■ SOURCE MATERIAL ■
# # # # #

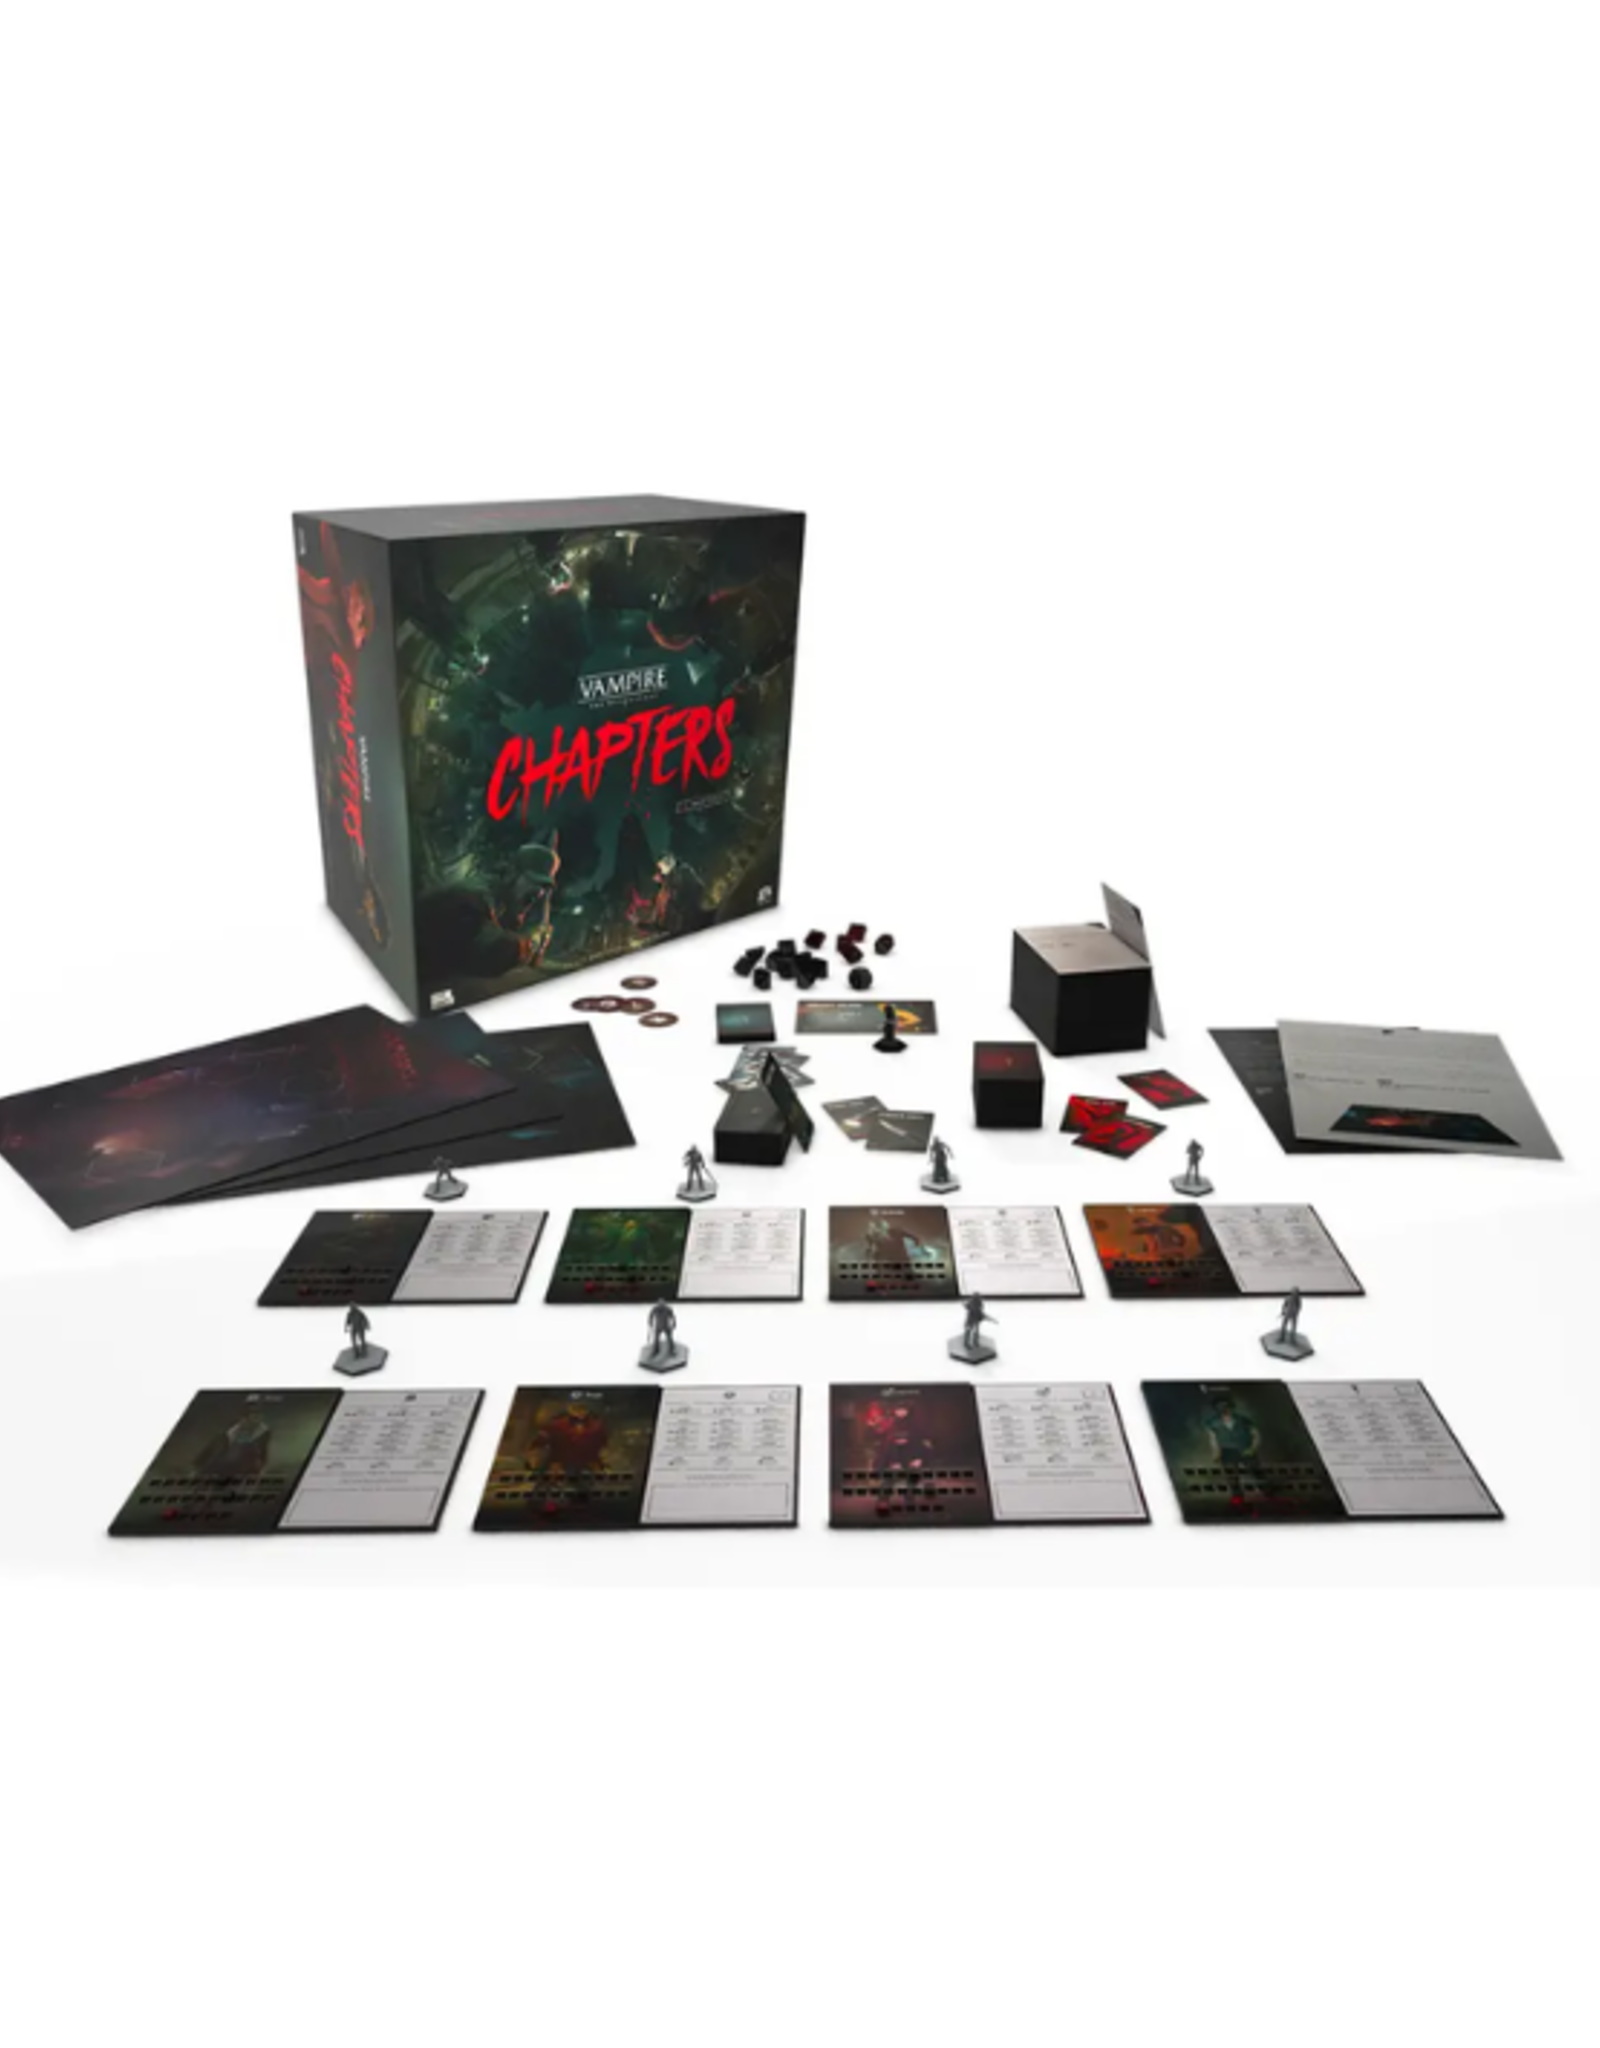  Vampire: The Masquerade - Chapters: Montreal - A Cooperative  Story-Driven Table top Game - for Adults - Ages 18+ - 1 to 4 Players - 30  Minutes per Player - Made by Flyos Games : Toys & Games
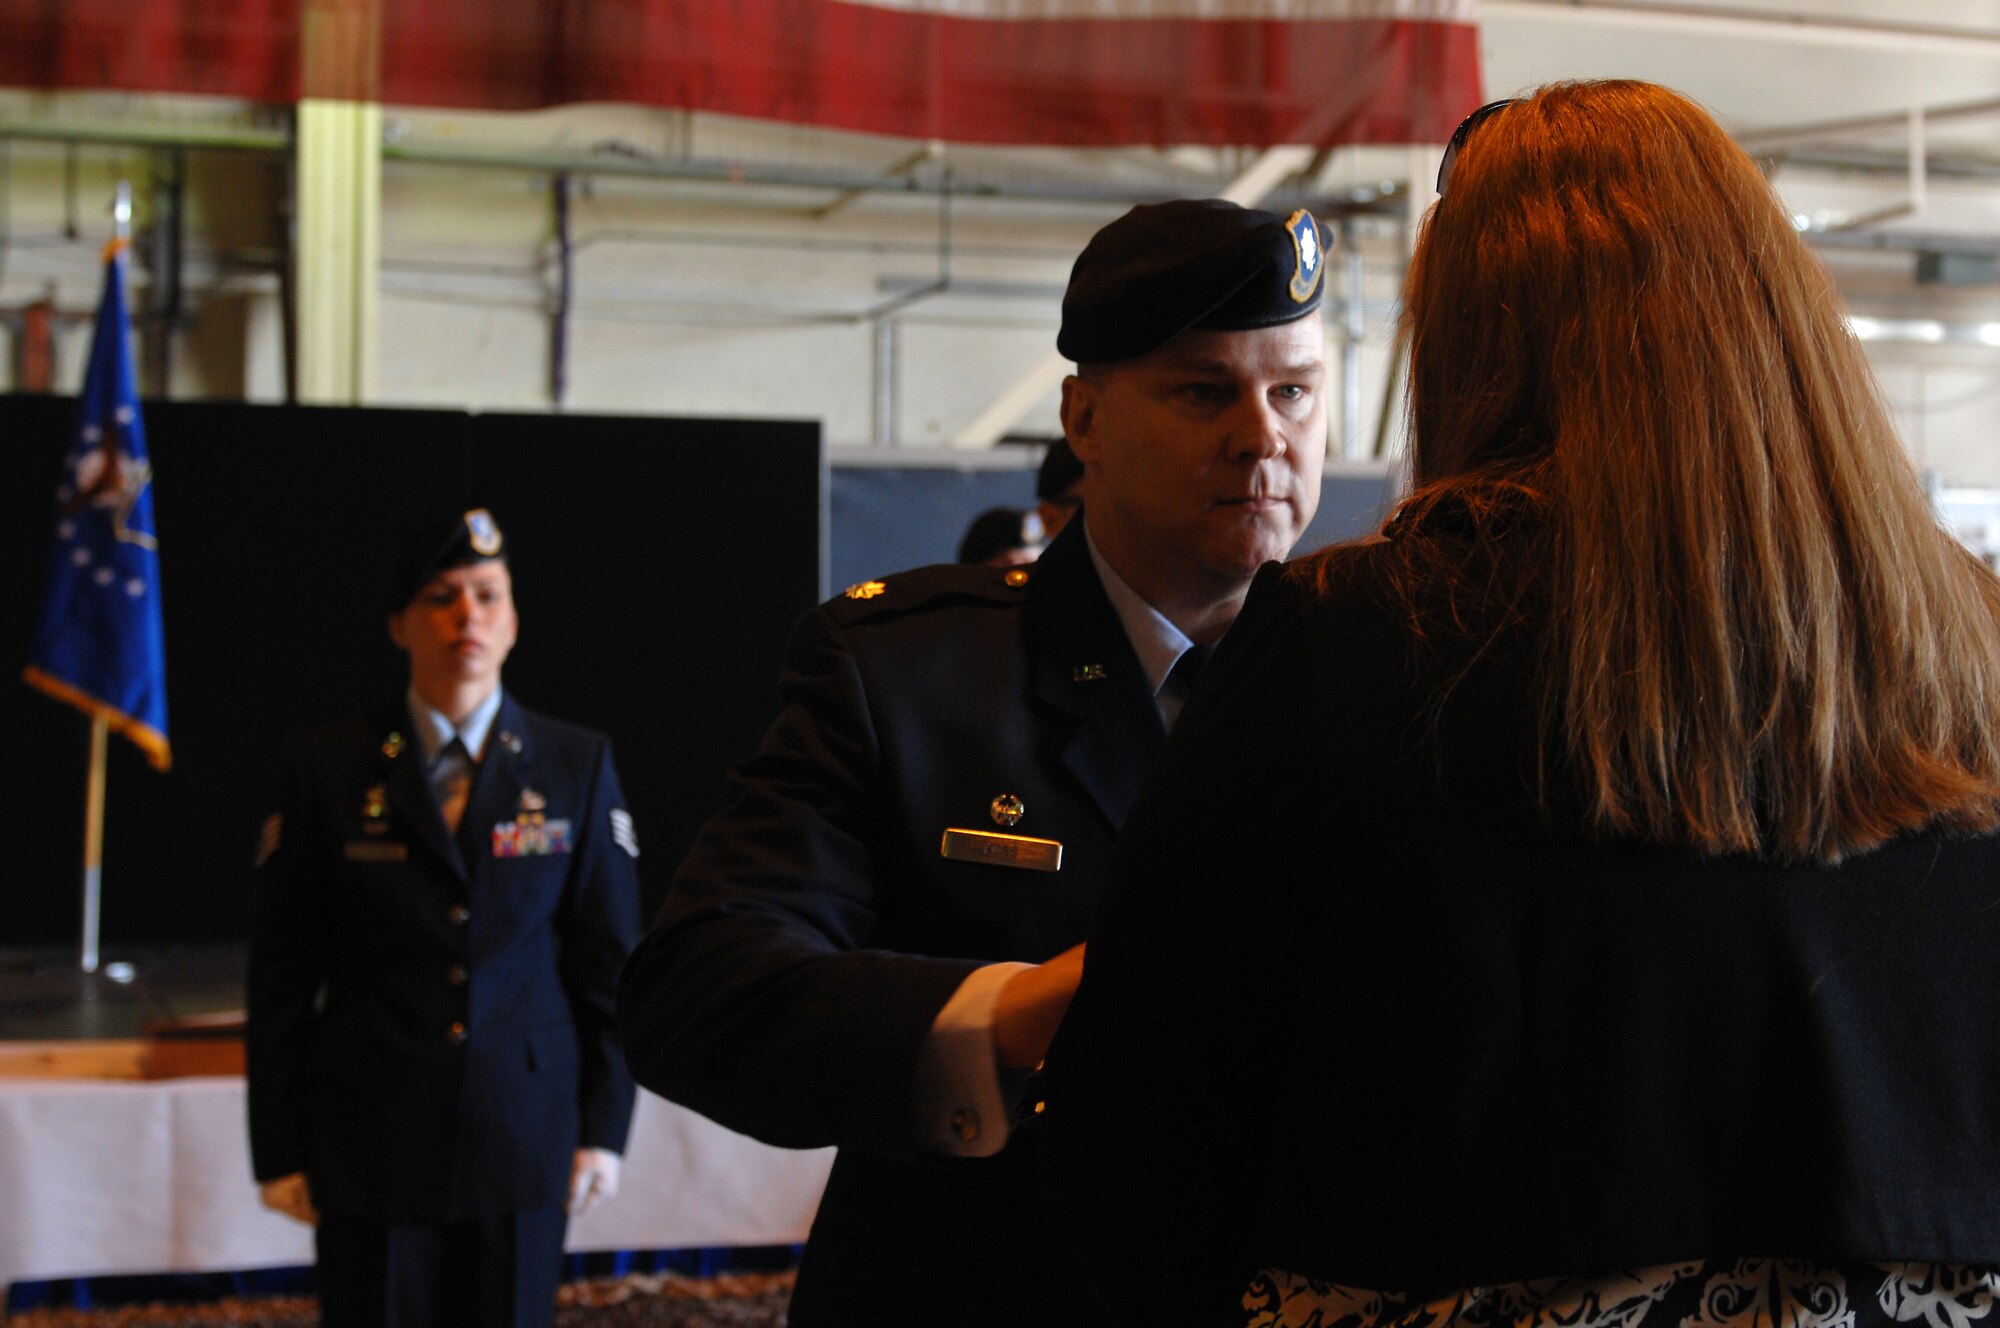 ROYAL AIR FORCE LAKENHEATH, England - Lt. Col. Michael Ross, 48th Security Forces Squadron commander, presents the American flag to Trish Alden, wife of Senior Airman Nicholas J. Alden, a security forces journeyman killed in action during a shooting incident at Frankfurt International Airport, Germany, March 2, 2011, during a memorial service in Hangar 7 on March 11, 2011. More than 500 Airmen, family and friends were in attendance. (U.S. Air Force photo/Tech. Sgt. Lee A. Osberry Jr.)
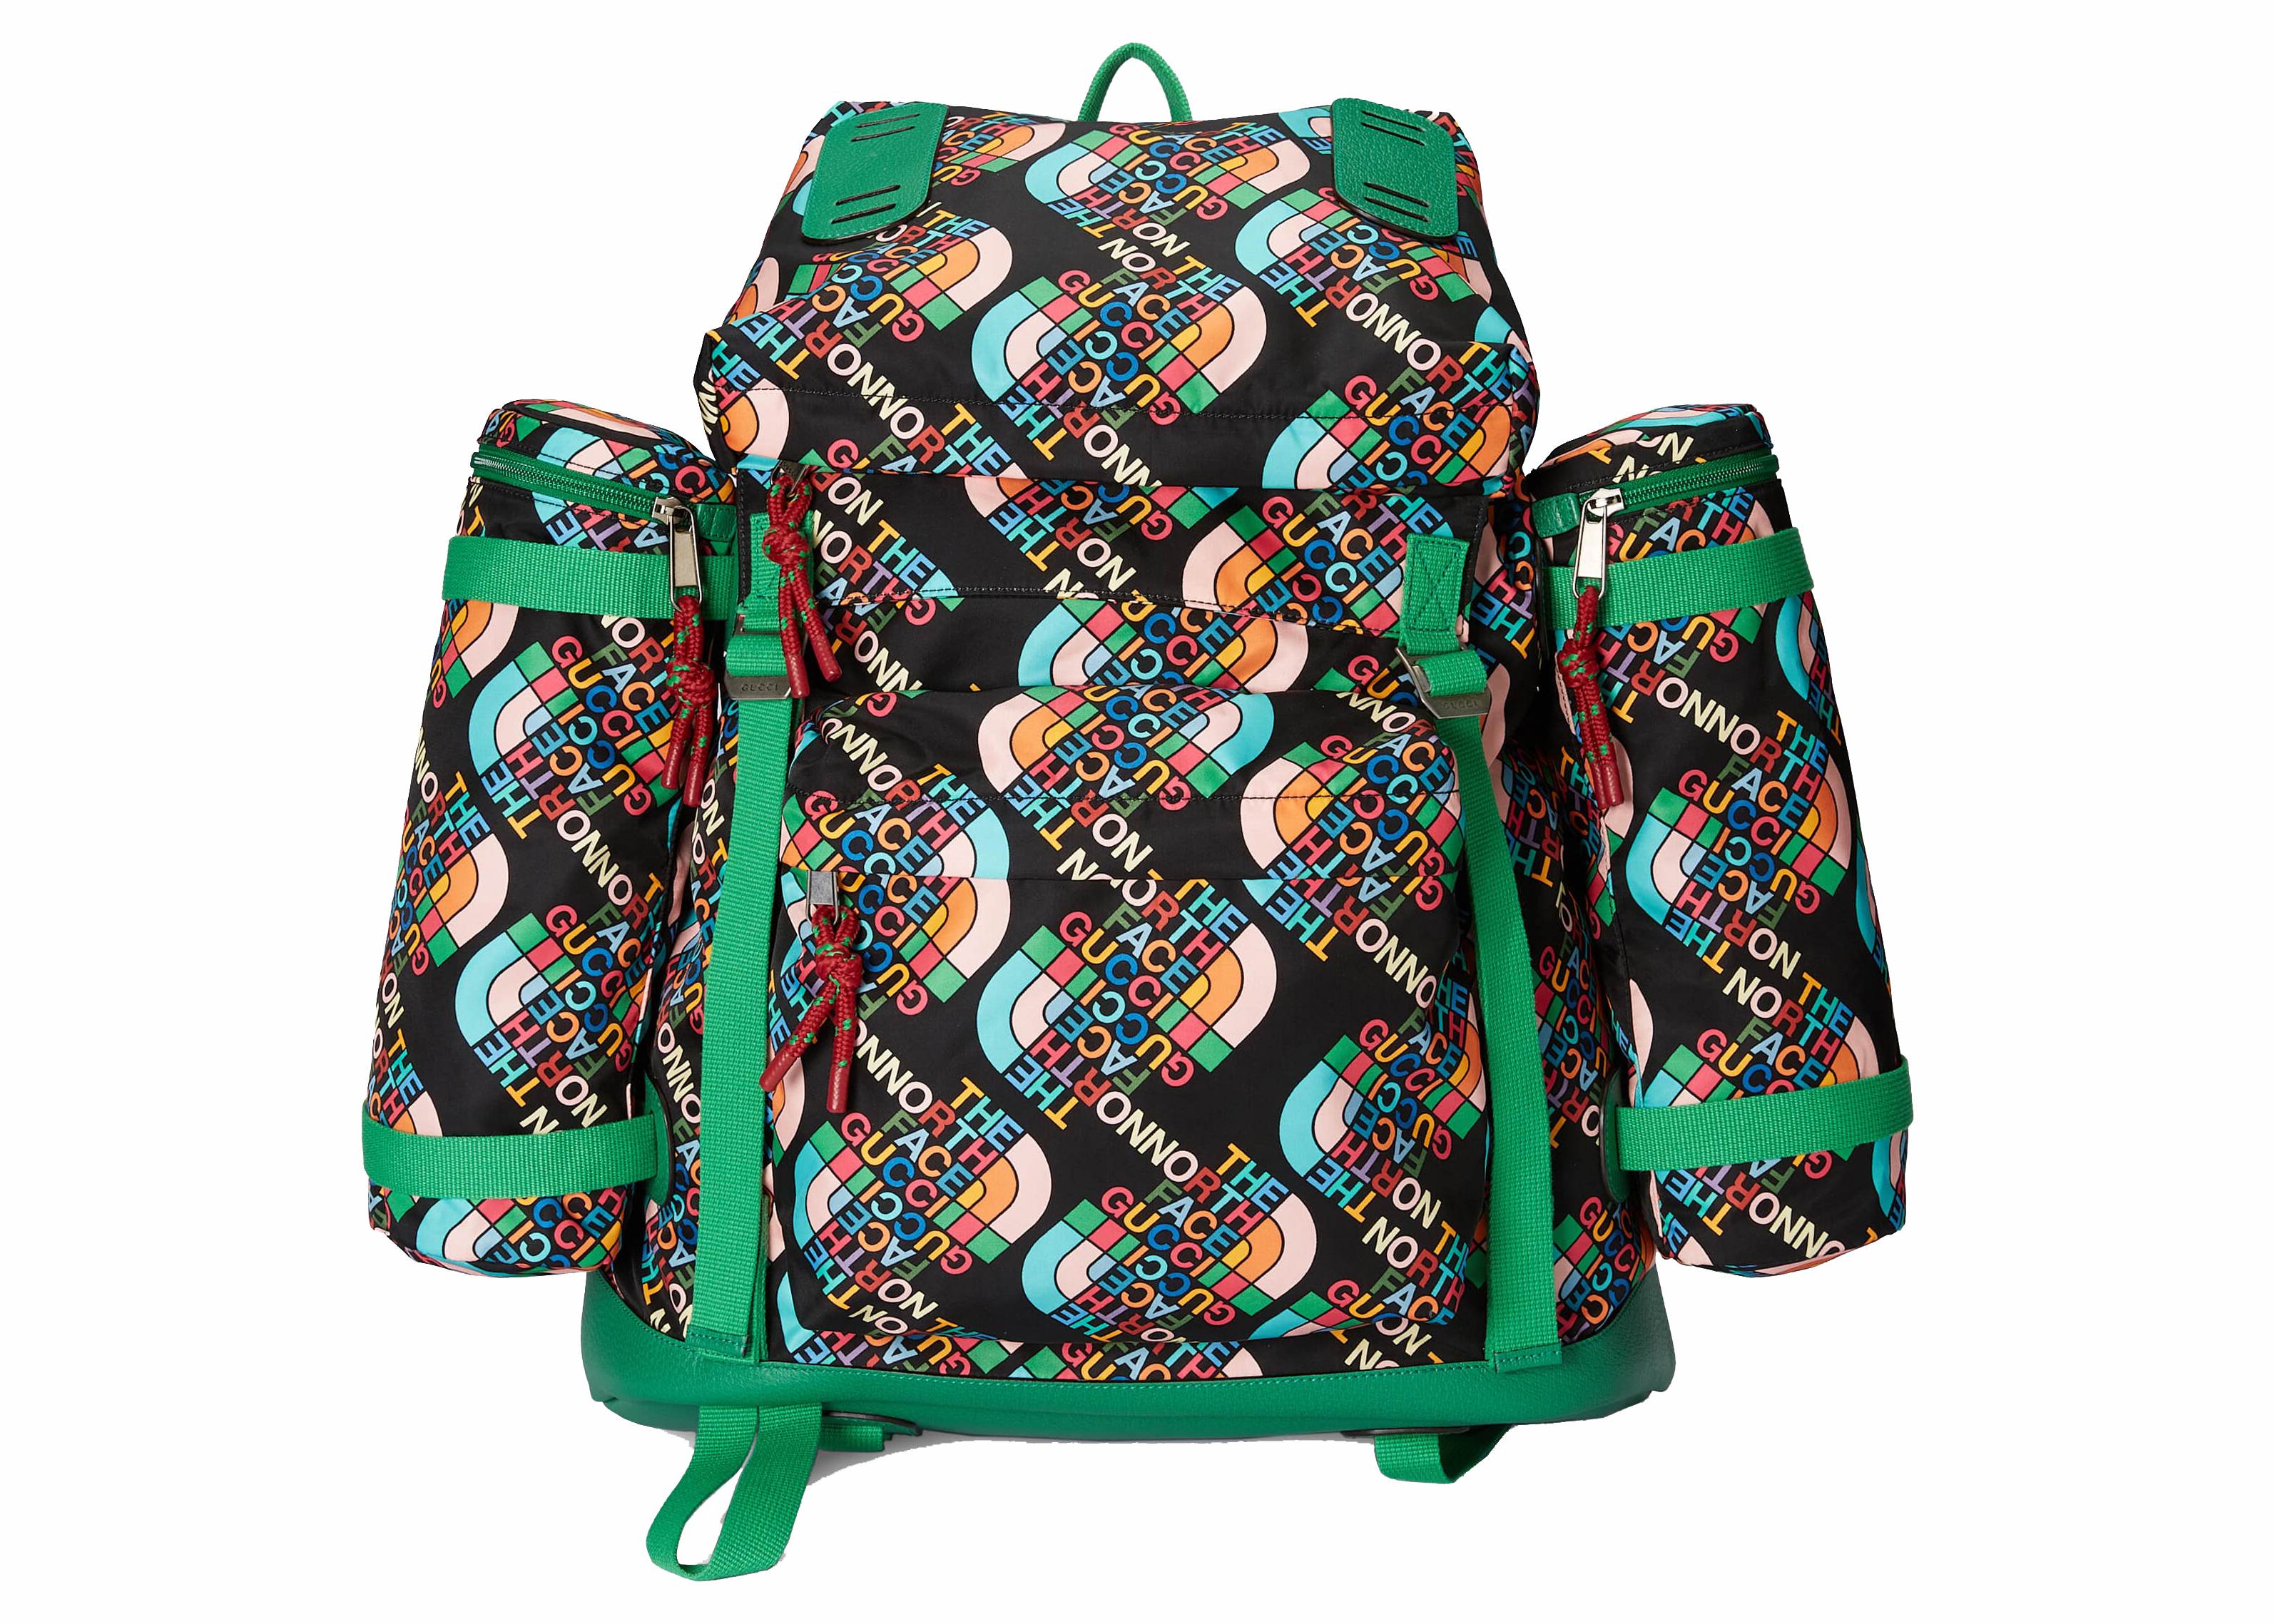 Gucci x The North Face Gucci Backpack Black/Multicolor in Recycled

# # # # #

■ EXERCISE DIRECTIONS ■
When you set down the material above, keep every word exact and include no pictures.

■ TASK SOLUTION ■
  Vampire: The Masquerade - Chapters: Montreal - A Cooperative  Story-Driven Table top Game - for Adults - Ages 18+ - 1 to 4 Players - 30  Minutes per Player - Made by Flyos Games : Toys & Games
 ROYAL AIR FORCE LAKENHEATH, England - Lt. Col. Michael Ross, 48th Security Forces Squadron commander, presents the American flag to Trish Alden, wife of Senior Airman Nicholas J. Alden, a security forces journeyman killed in action during a shooting incident at Frankfurt International Airport, Germany, March 2, 2011, during a memorial service in Hangar 7 on March 11, 2011. More than 500 Airmen, family and friends were in attendance. (U.S. Air Force photo/Tech. Sgt. Lee A. Osberry Jr.)
 Gucci x The North Face Gucci Backpack Black/Multicolor in Recycled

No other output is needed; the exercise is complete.